The Fourteenth International Symposium on Experimental Mineralogy, Petrology and Geochemistry was held in Kiel, Germany, 4–7 March 2012, and was organized by Philip Kegler from the Institute of Geosciences, Department of Mineralogy. More than 260 scientists from 30 countries attended the meeting. Altogether, 230 abstracts were submitted and presented over three full days of two parallel oral sessions and one dedicated poster session. The posters were displayed over the entire time of the conference. Almost 40% of the contributions were presented by graduate students. Plenary lectures were given by Michael Walter, University of Bristol, Bristol, UK, on the subject of ‘Modelling core formation in Earth: regression – useful analytical tool or Freudian nightmare?’, by Stephen Parman, Brown University, Providence, USA, on ‘Recycling of noble gases: Experimental measurements of Helium solubility in amphibole and other ring-bearing minerals’, and by Detlef Köpsel, Schott AG, Corporate Research and Technology Development, Mainz, Germany, on ‘Gases and bubbles in technical glasses’. The subjects of the plenary lectures mirrored the wide range of the attendees’ contributions with topics of the evolution of terrestrial planets and the early Earth, subduction-zone processes, and the deep Earth. Another theme concentrated on new frontiers and developments in experimental applications and applied geosciences, such as exploration or disposal of energy-related and hazardous materials. During the EMPG XIII in Toulouse 2010, an effort was made to encourage closer links between experimental approaches and theoretical simulations. During EMPG XIV in Kiel, researchers with numerical backgrounds presented their research in at least two sessions. Hopefully, this effort will be continued in future EMPG symposia.

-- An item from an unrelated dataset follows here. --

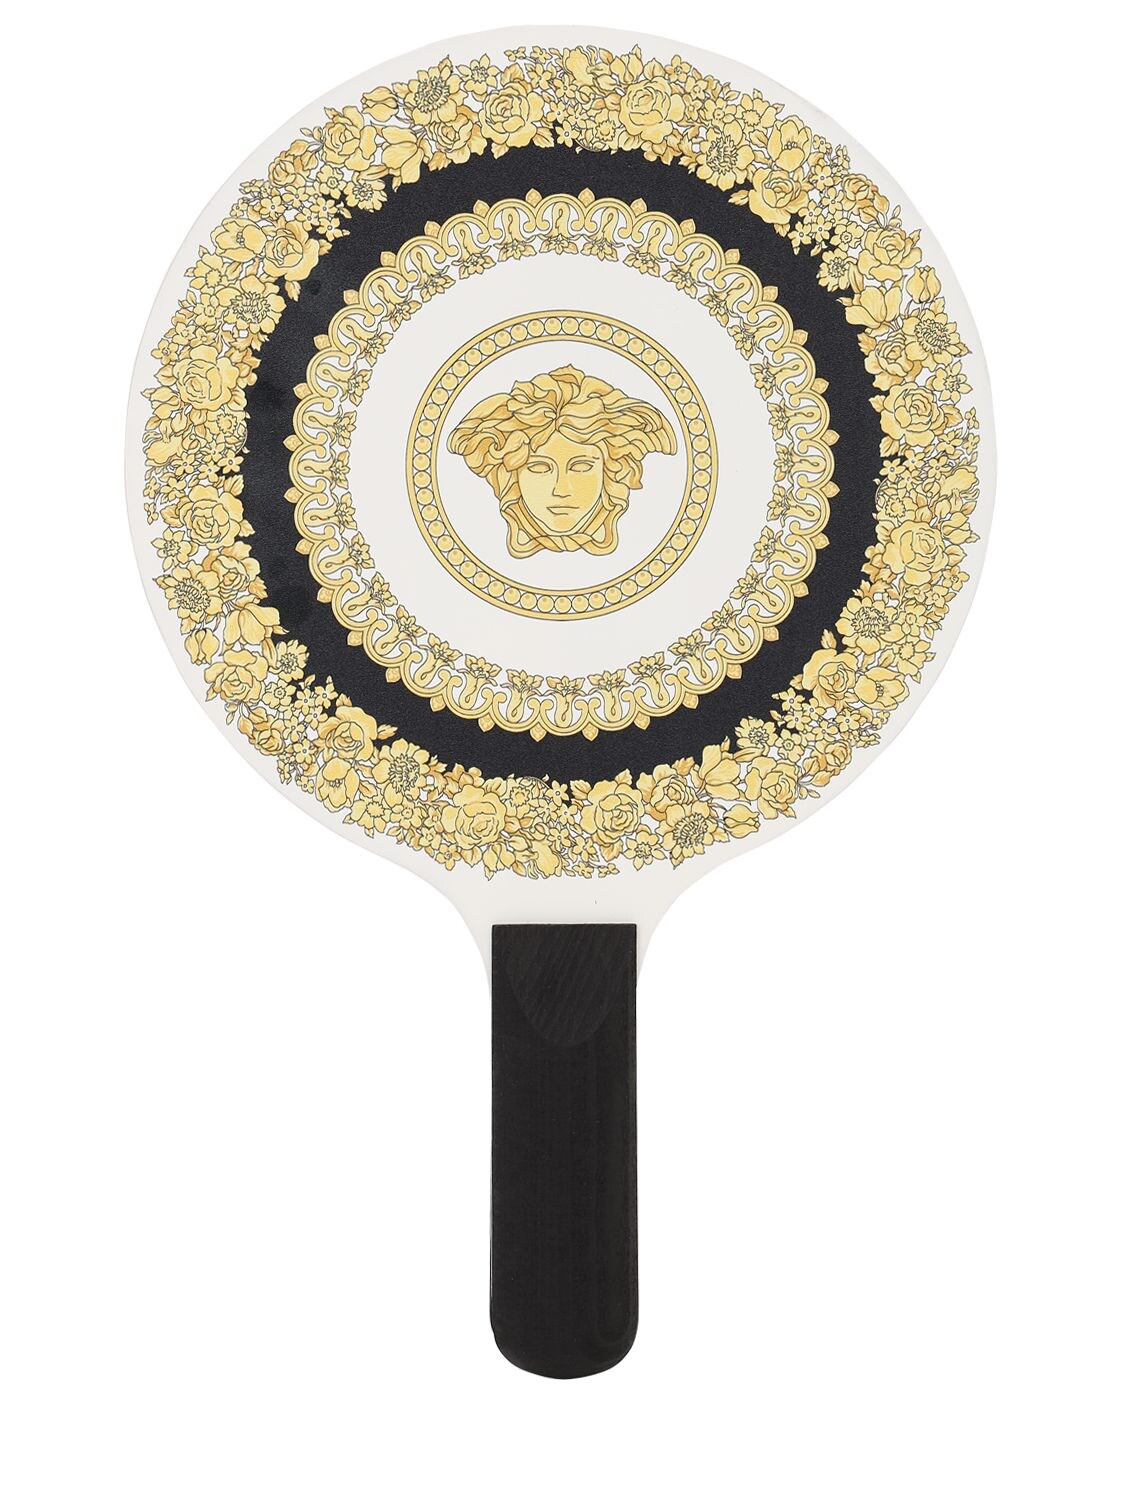 Versace Play On Matkot Racket & Ball Set In Black,gold

The organization of the meeting was supported by financial contributions from the European Mineralogical Union, the German Mineralogical Society, and the commercial exhibitors Cameca, Hawedia, Jeol GmbH, Lampert Werktechnik GmbH, Max Voggenreiter GmbH, PANalytical GmbH, Parr Instrument, Schweizerbart Borntraeger Science Publishers, Springer Spektrum Verlag GmbH, and Swagelok Best Fluidsysteme GmbH.

We solicited submissions for a special issue of European Journal of Mineralogy, and the papers included here represent a cross section of the work presented at the meeting. Zhang reviews recent advances in the kinetics and dynamics of mineral and bubble dissolution or growth controlled by mass transfer, focusing on quantitative prediction models. Holzheid presents experimental evidence that efficient core formation by a percolation mechanism is only feasible when conditions are very oxidizing or a large fraction of silicate partial melt or a completely molten silicate exists. Wolff et al. investigated reaction mechanisms of hydrous partial melting of gabbro in the deep oceanic crust and discuss implications for the formation of SiO2-rich melts in the oceanic crust. Karimova & Stalder studied the incorporation mechanisms of OH in pyroxenes and suggest that the water content in pyroxenes correlates with silica activity during crystallization. Marxer & Nowak detected concentration gradients of volatiles, such as, H2O and CO2, in silicate glasses by micro-FTIR microscopy, and confirm that FTIR imaging is a convenient tool to investigate the spatial distribution of these volatiles in silicate glasses, especially in terms of diffusion-related studies. Finally, Nover et al. report experimentally determined changes of petrophysical, petrological, mineralogical, mechanical, and chemical parameters of sandstones as a result of exposure to supercritical CO2.

We are grateful to all the participants at the meeting and all contributors to this special issue. We look forward to the next EMPG meeting in Amsterdam, The Netherlands, during 2014.